Po bankructwie biura podróży pieniędzy ma wystarczyć nie tylko na ściągnięcie urlopowiczów do kraju, ale także na zwrot wpłaconych kwot tym, którzy na wakacje nie zdążyli wyjechać. Ma się tak stać za sprawą wchodzących dziś w życie dwóch rozporządzeń ministra finansów.
W zeszłym roku brakowało nawet na sprowadzenie klientów biur do Polski. Często wynikało to z nieuczciwości organizatorów. Zaniżali kwoty swoich dochodów, od których zależała wysokość zabezpieczenia. Niektórzy otwierali biznes tylko po to, by po kilku miesiącach ogłosić upadłość, a po roku znów zacząć wysyłać turystów za granicę.
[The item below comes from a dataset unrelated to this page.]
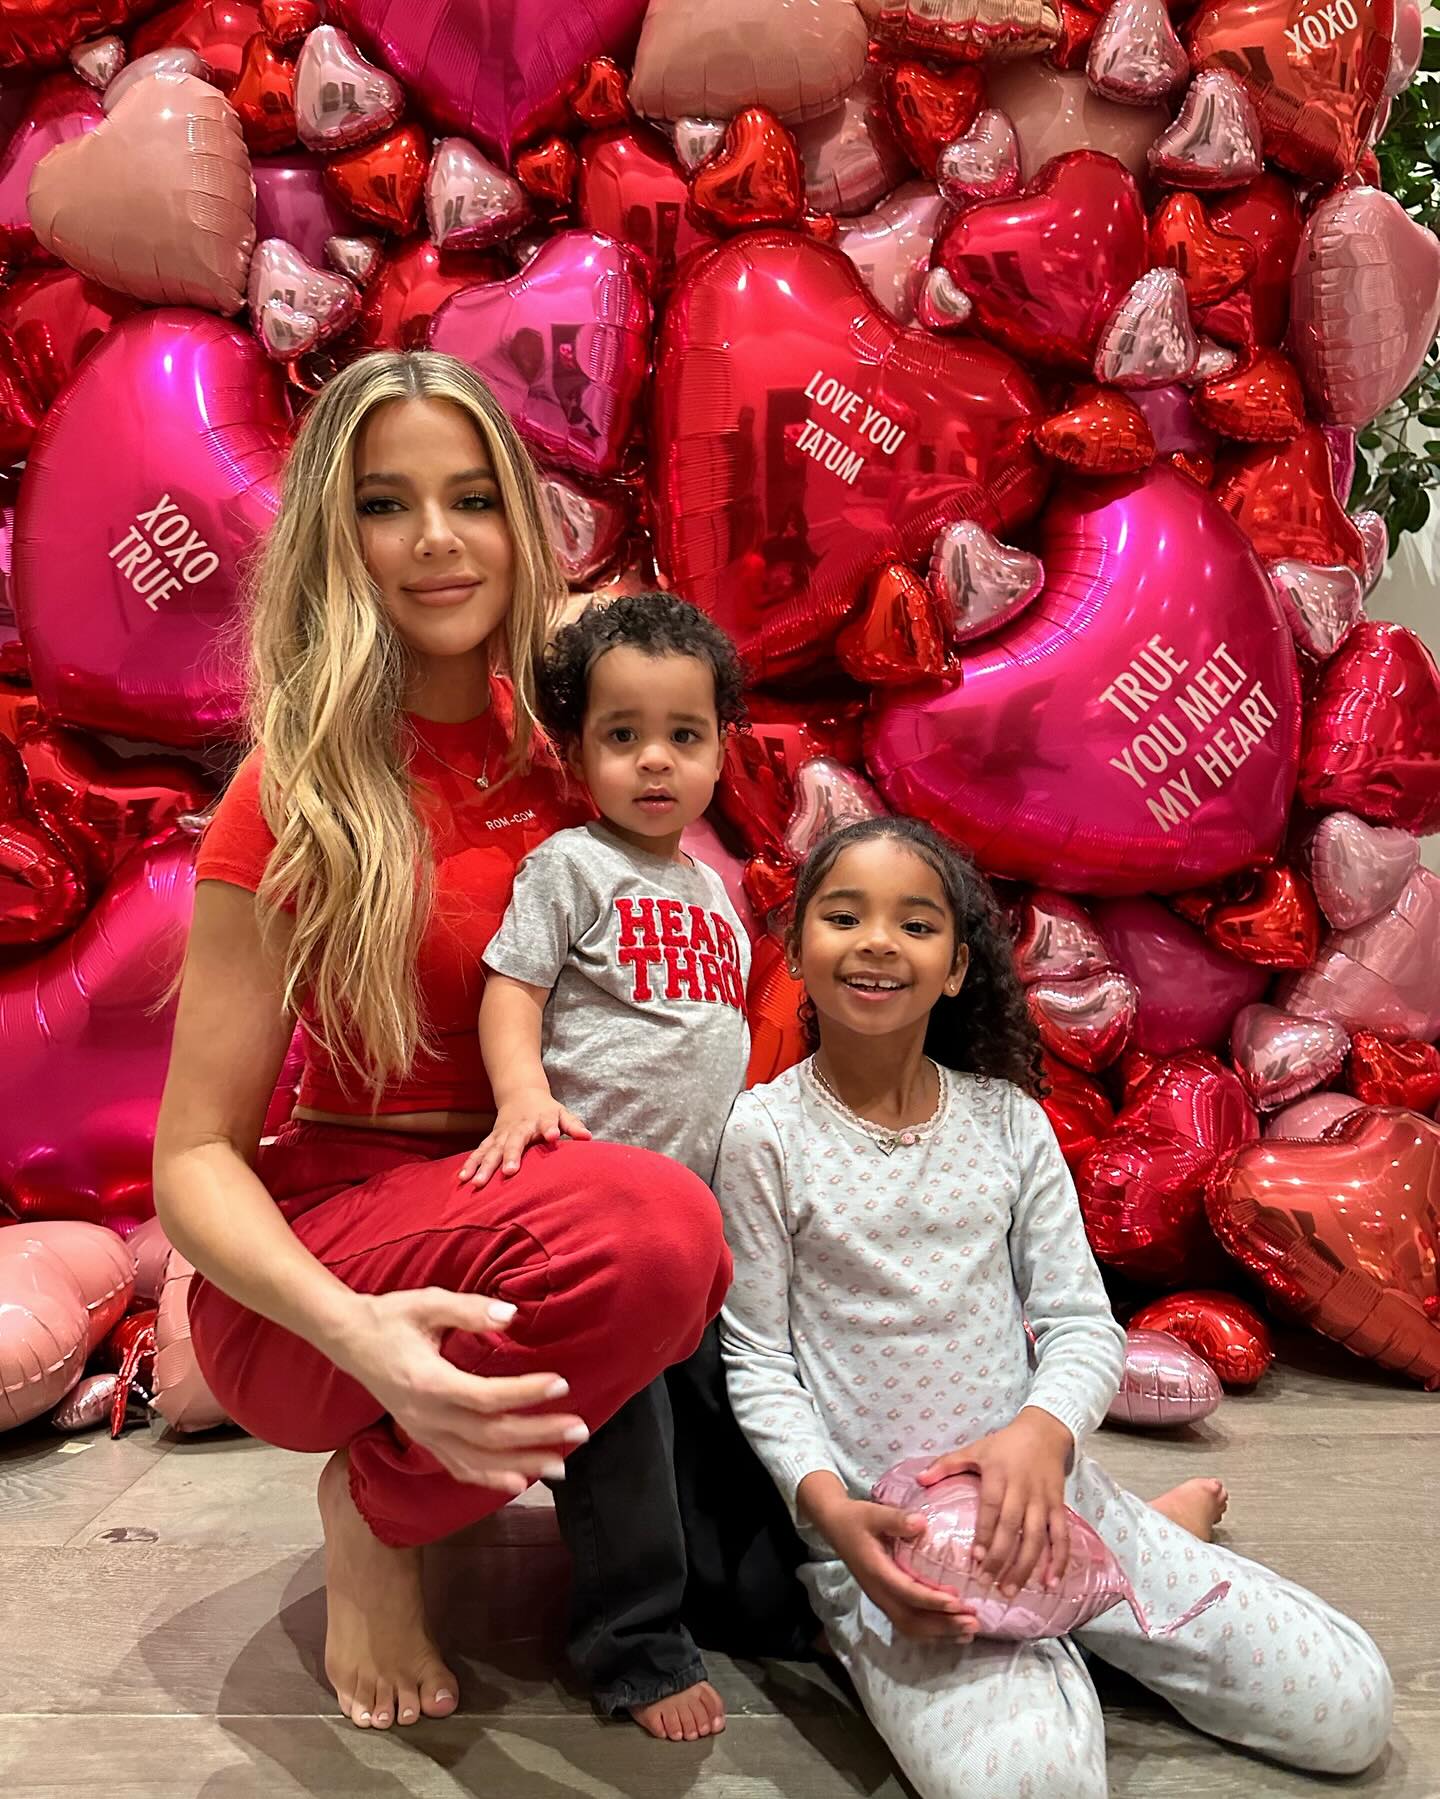 A source has claimed Khloe is trying to re-brand herself to be more 'family-friendly'

Teraz przedsiębiorca, który zechce wejść na rynek turystyki i wysyłać turystów wyczarterowanym samolotem za granicę, będzie musiał zagwarantować zabezpieczenie na poziomie 250 tys. euro. Do tej pory było to 67 tys. euro.
Jak wyliczyło Ministerstwo Finansów, gwarancji wystarczało na pokrycie kosztu sprowadzenia z zagranicy około 100 osób i zwrot przedpłat za wykupione imprezy tylko mniej więcej 85 osobom. Nowa kwota, zakładając, że opłacenie lotu powrotnego dla turysty kosztuje 1 tys. zł, a koszt średniej imprezy zagranicznej to 2 tys. zł, ma wystarczyć na sprowadzenie do kraju około 400 osobom i zwrot przedpłat 300.
Wyższa gwarancja będzie obowiązywała wszystkich organizatorów usług turystycznych. Będzie stopniowana w zależności od prowadzonej działalności, terminów i wielkości wpłat przyjmowanych od klientów. Najwyższa stawka obowiązywać będzie podmioty prowadzące działalność o największym ryzyku, czyli organizujących wycieczki czarterowanymi samolotami poza Europę. Touroperatorzy, którzy wysyłają klientów za granicę, ale samolotami rejsowymi, ze z góry opłaconym biletem powrotnym, będą mieć niższą stawkę.